WHAT THE TASK ASKS:
Print the data exactly. Omit the pictures.

GIVEN INFORMATION:
********************
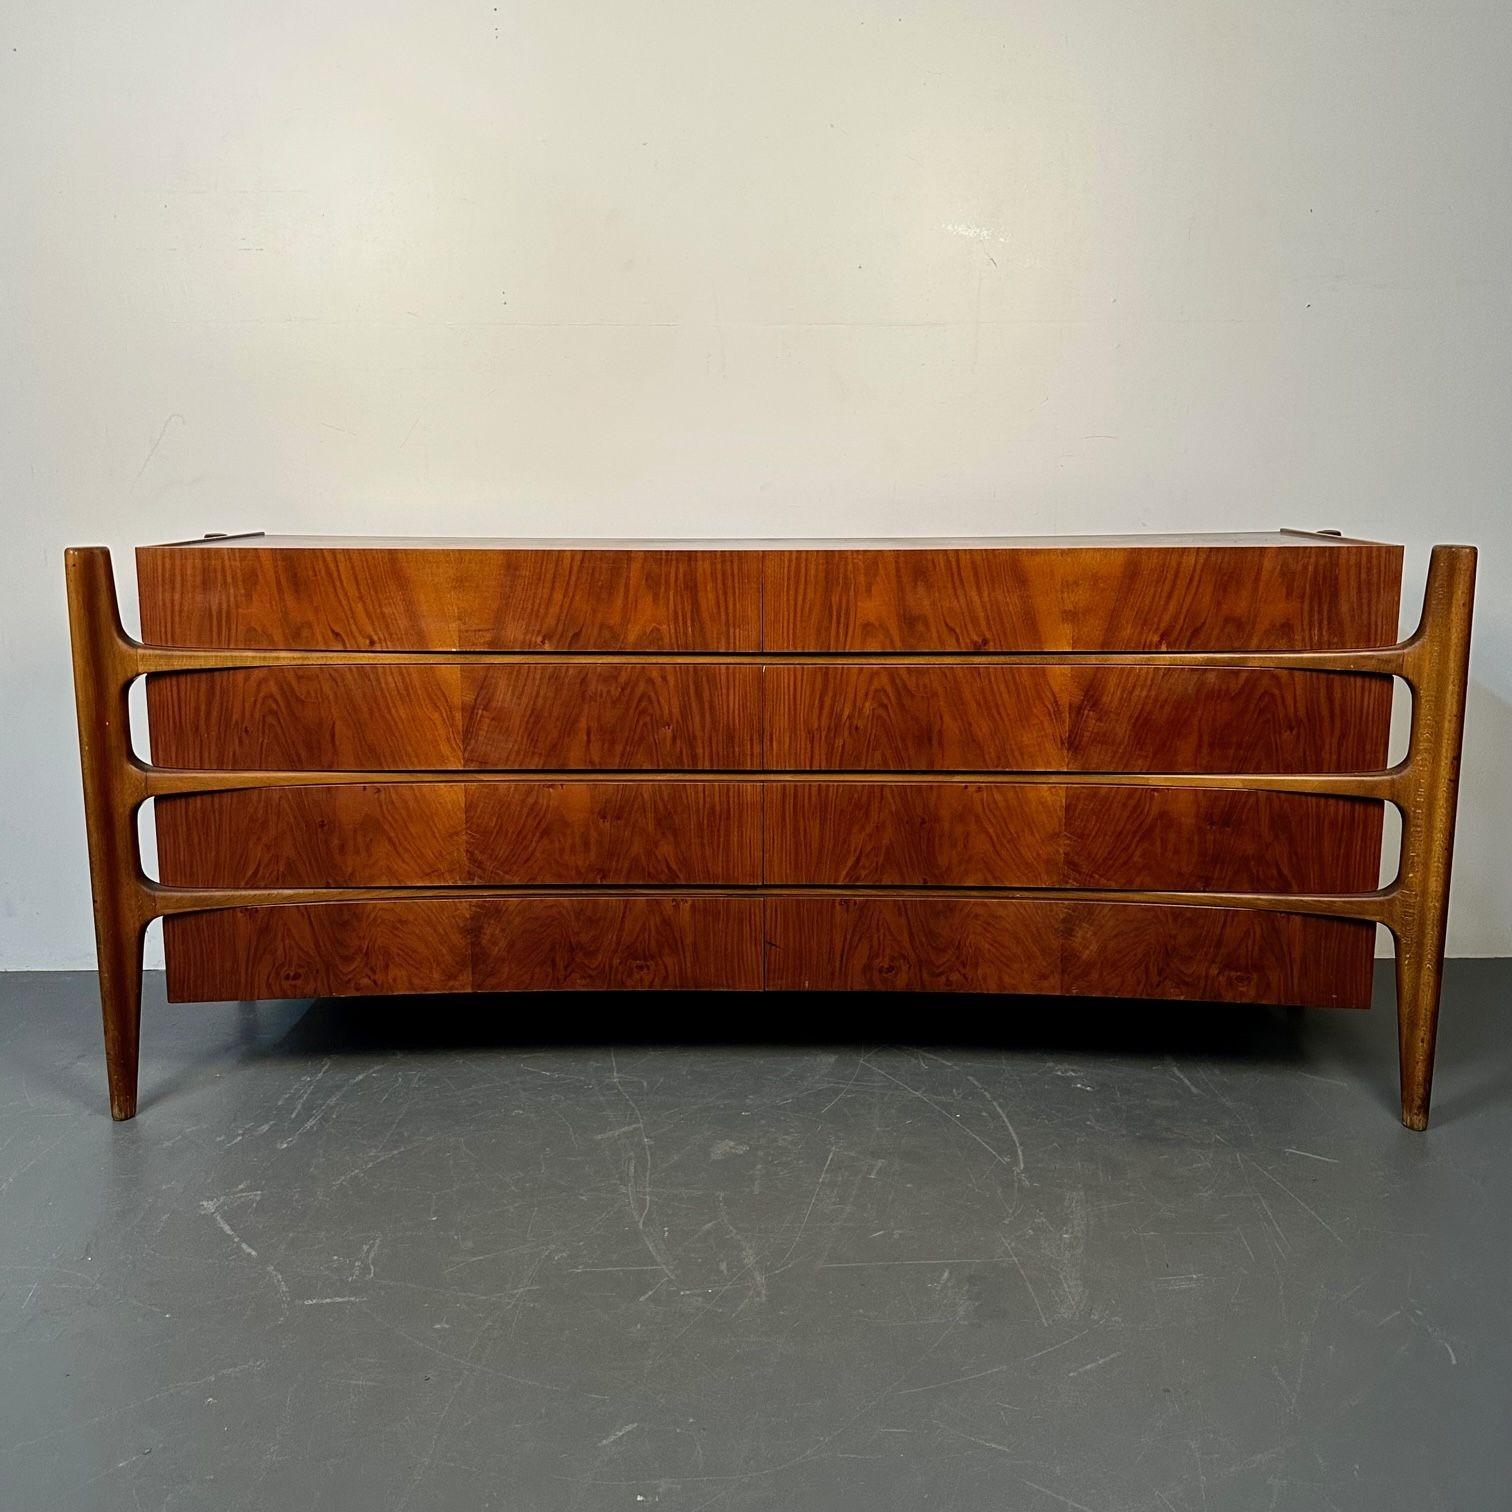 William Hinn, Swedish Mid-Century Modern, Sculptural 'Exoskeleton' Dressers, 1960s

Rare compatible pair of Exoskeleton dressers designed by William Hinn and produced in Sweden circa 1960s. Concave sculpted front design with edge mounted legs.
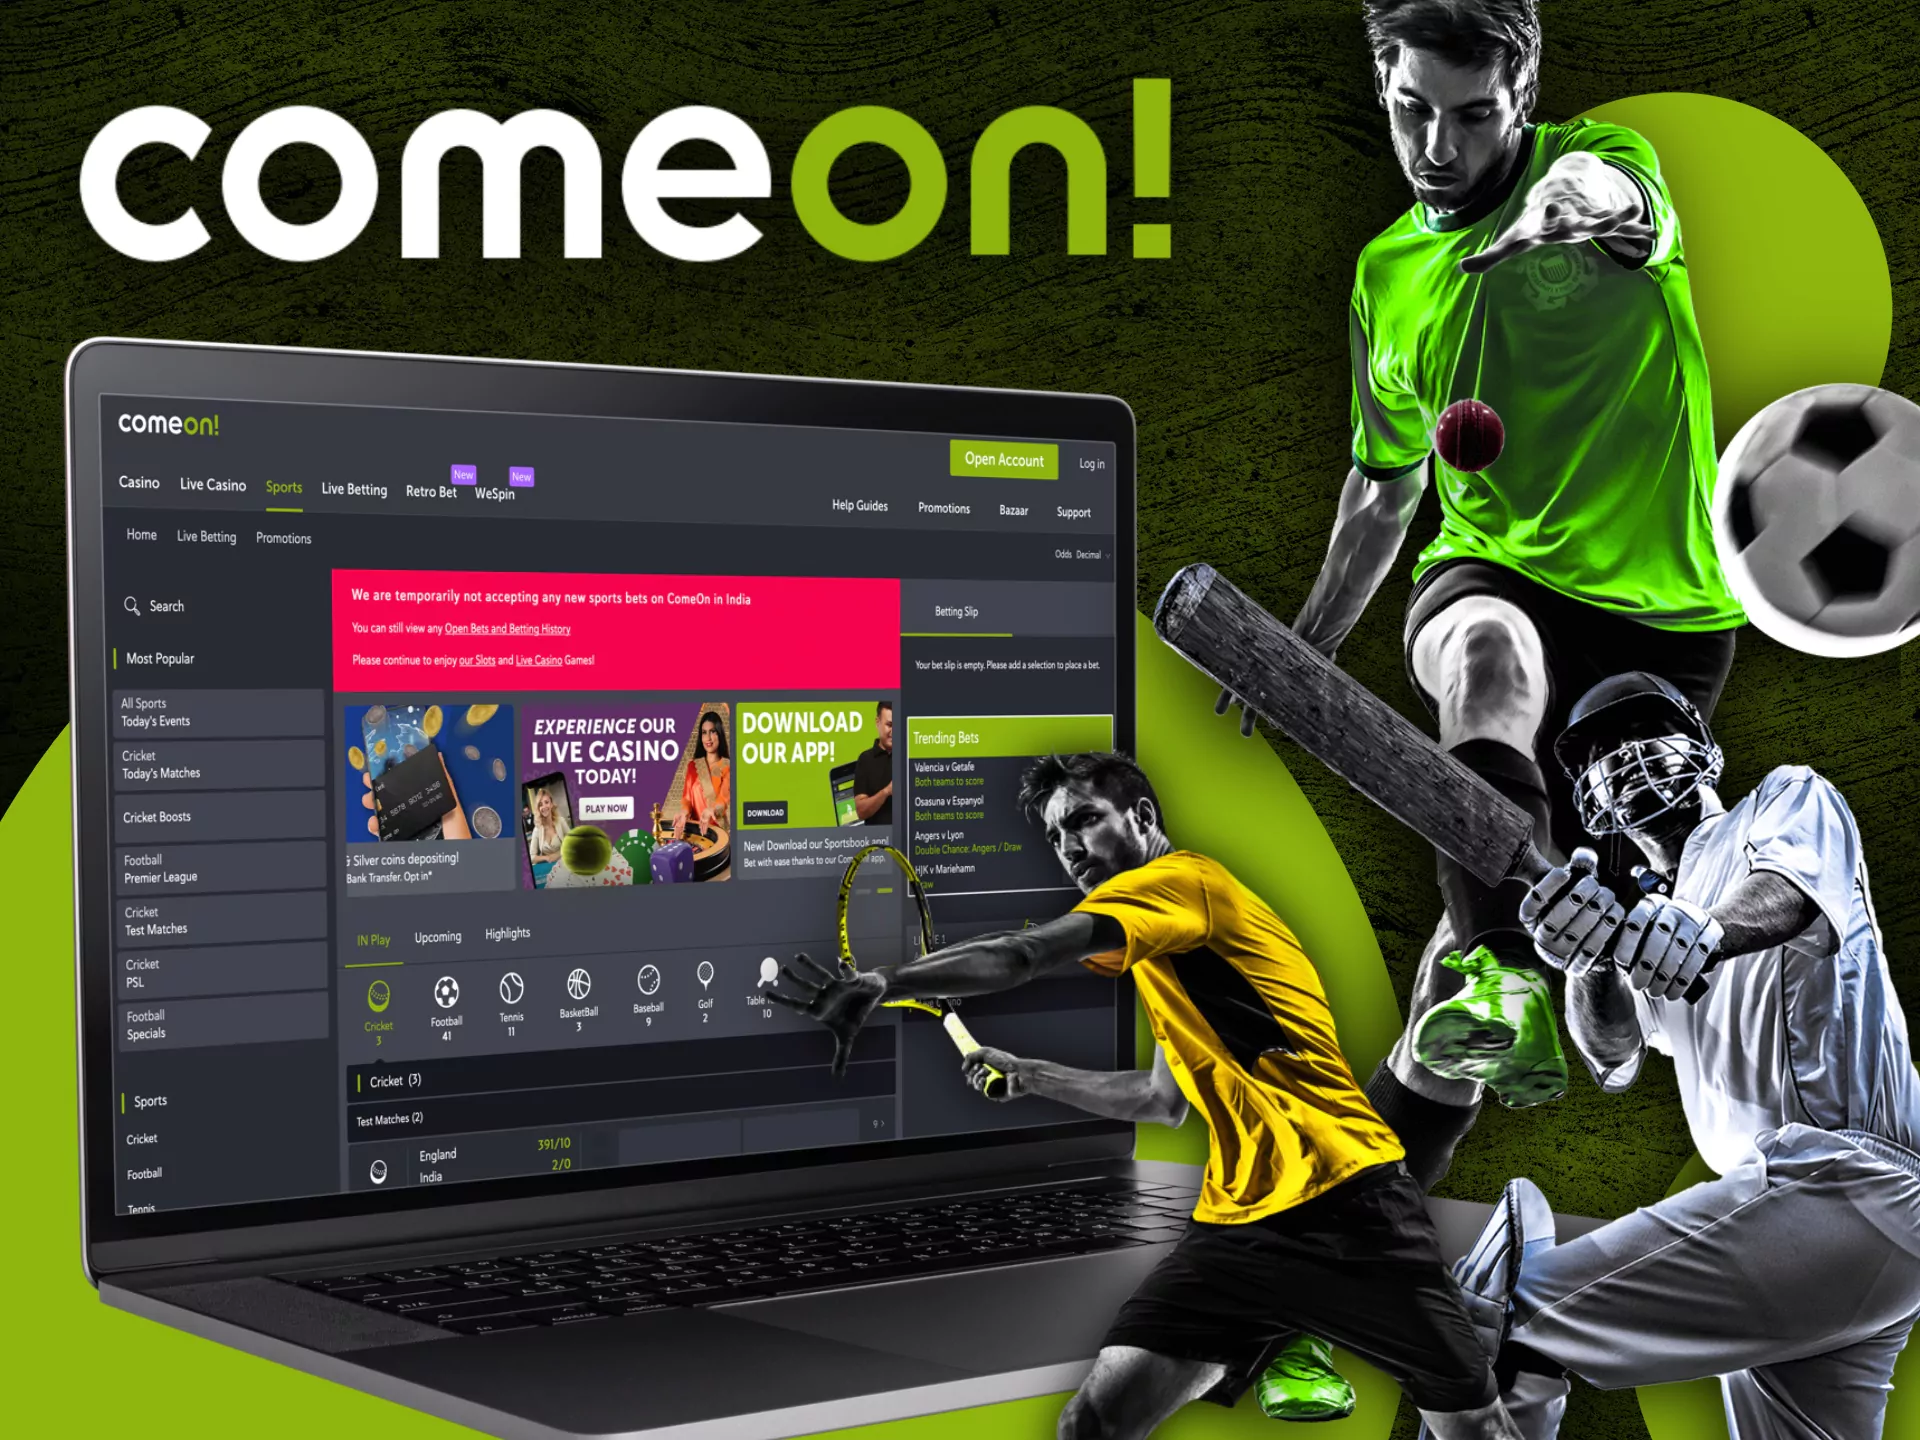 You need to sign up and log in to place your first bet on Comeon.
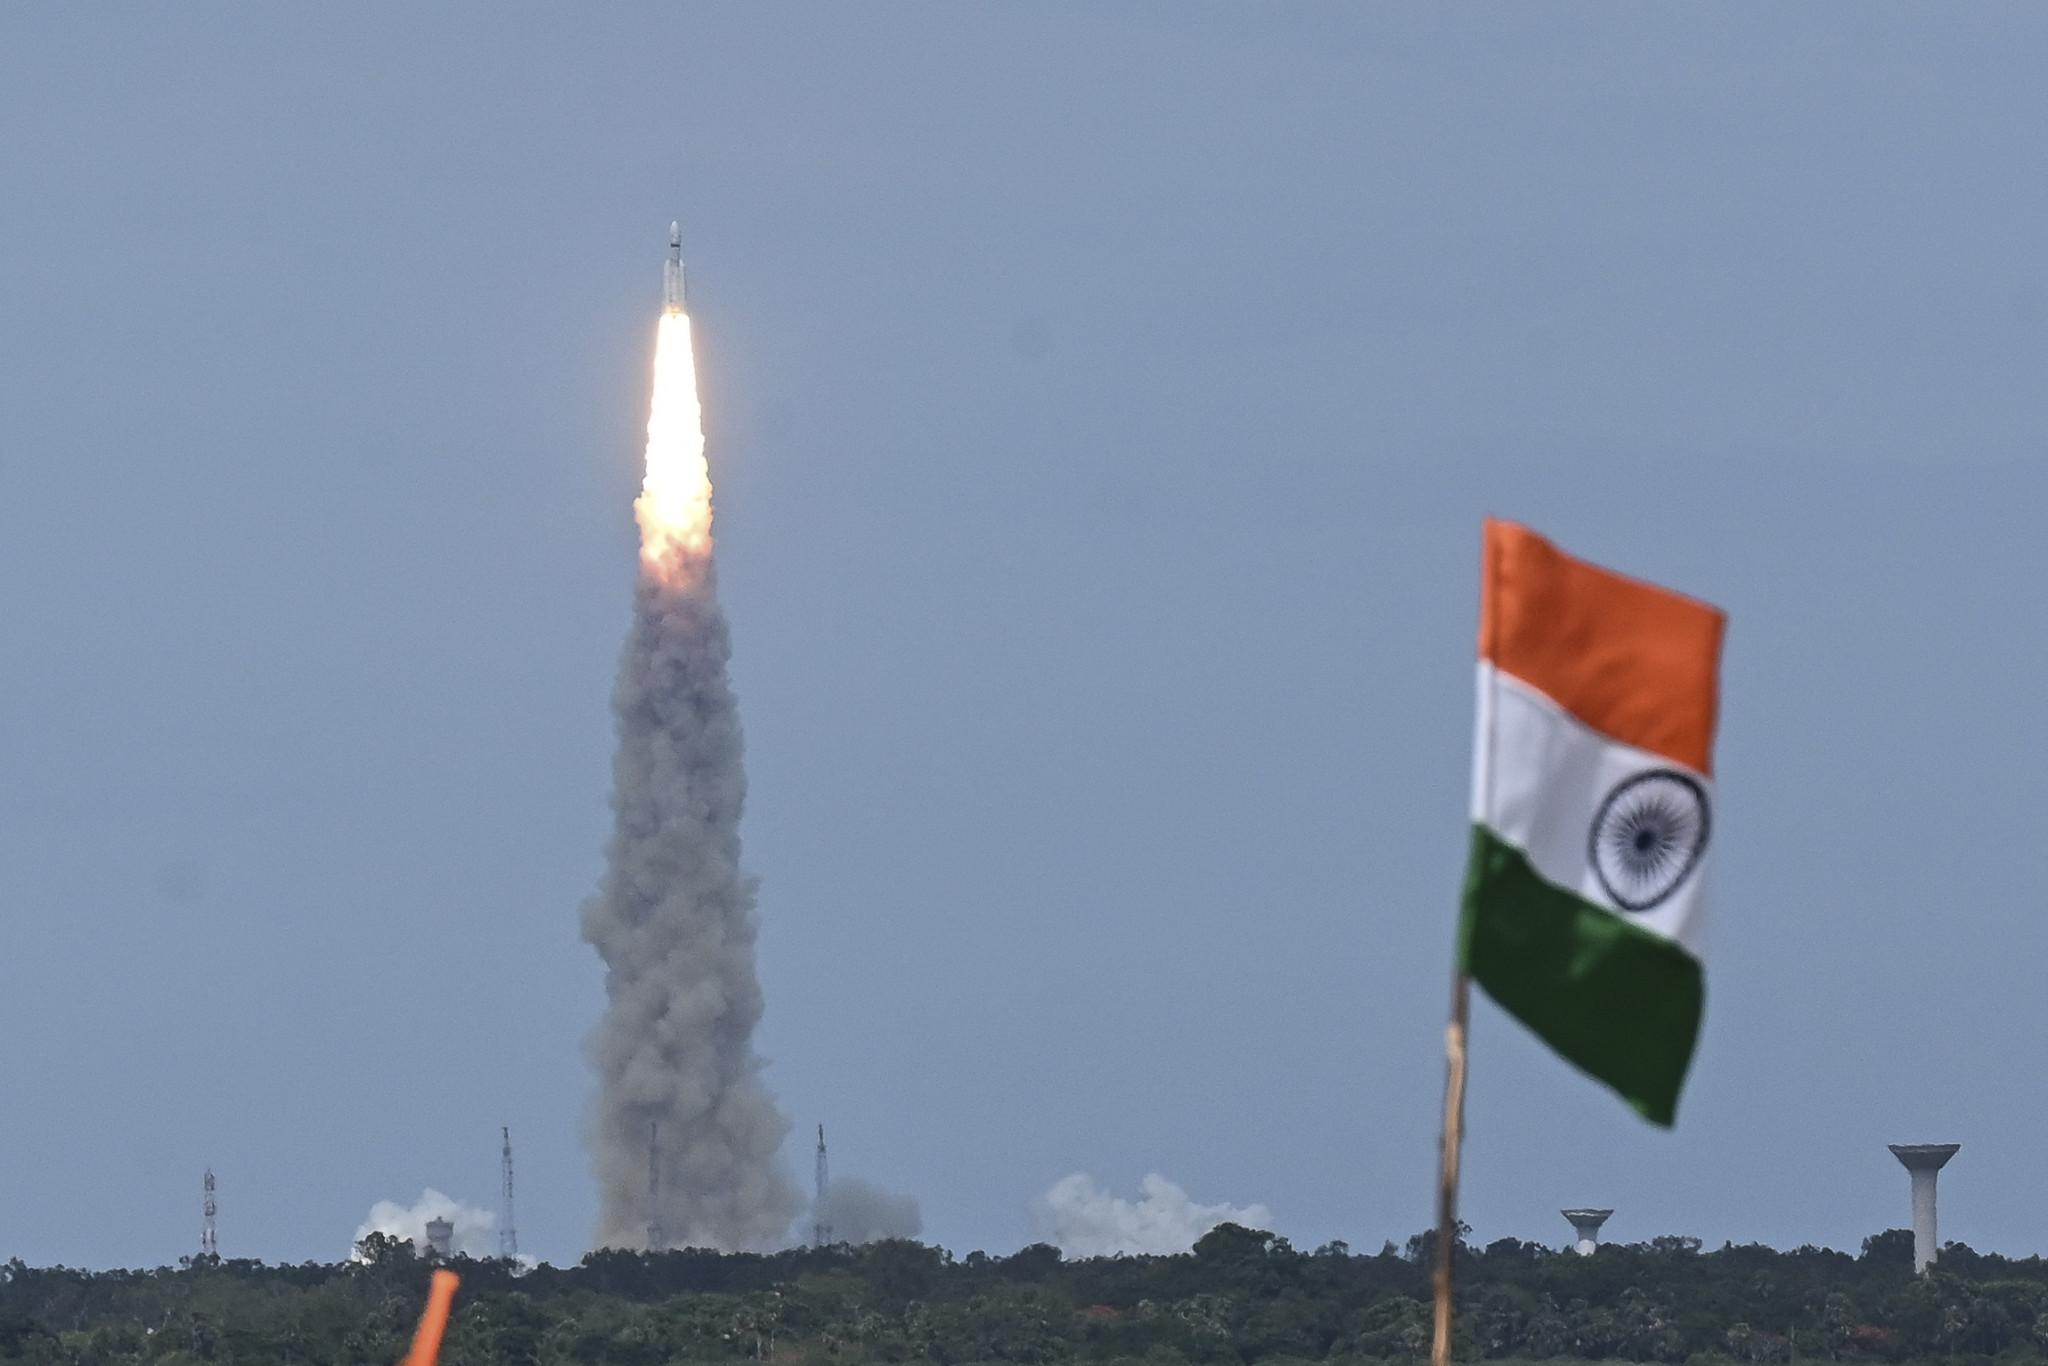 India became the first nation to land a craft near the Moon's south pole thanks to the Indian Space Research Organisation rocket named Chandrayaan-3, the sort of feat that makes the world sit up and take notice ©Getty Images
********************
SOLUTION:
 William Hinn, Swedish Mid-Century Modern, Sculptural 'Exoskeleton' Dressers, 1960s

Rare compatible pair of Exoskeleton dressers designed by William Hinn and produced in Sweden circa 1960s. Concave sculpted front design with edge mounted legs.
 You need to sign up and log in to place your first bet on Comeon.
 India became the first nation to land a craft near the Moon's south pole thanks to the Indian Space Research Organisation rocket named Chandrayaan-3, the sort of feat that makes the world sit up and take notice ©Getty Images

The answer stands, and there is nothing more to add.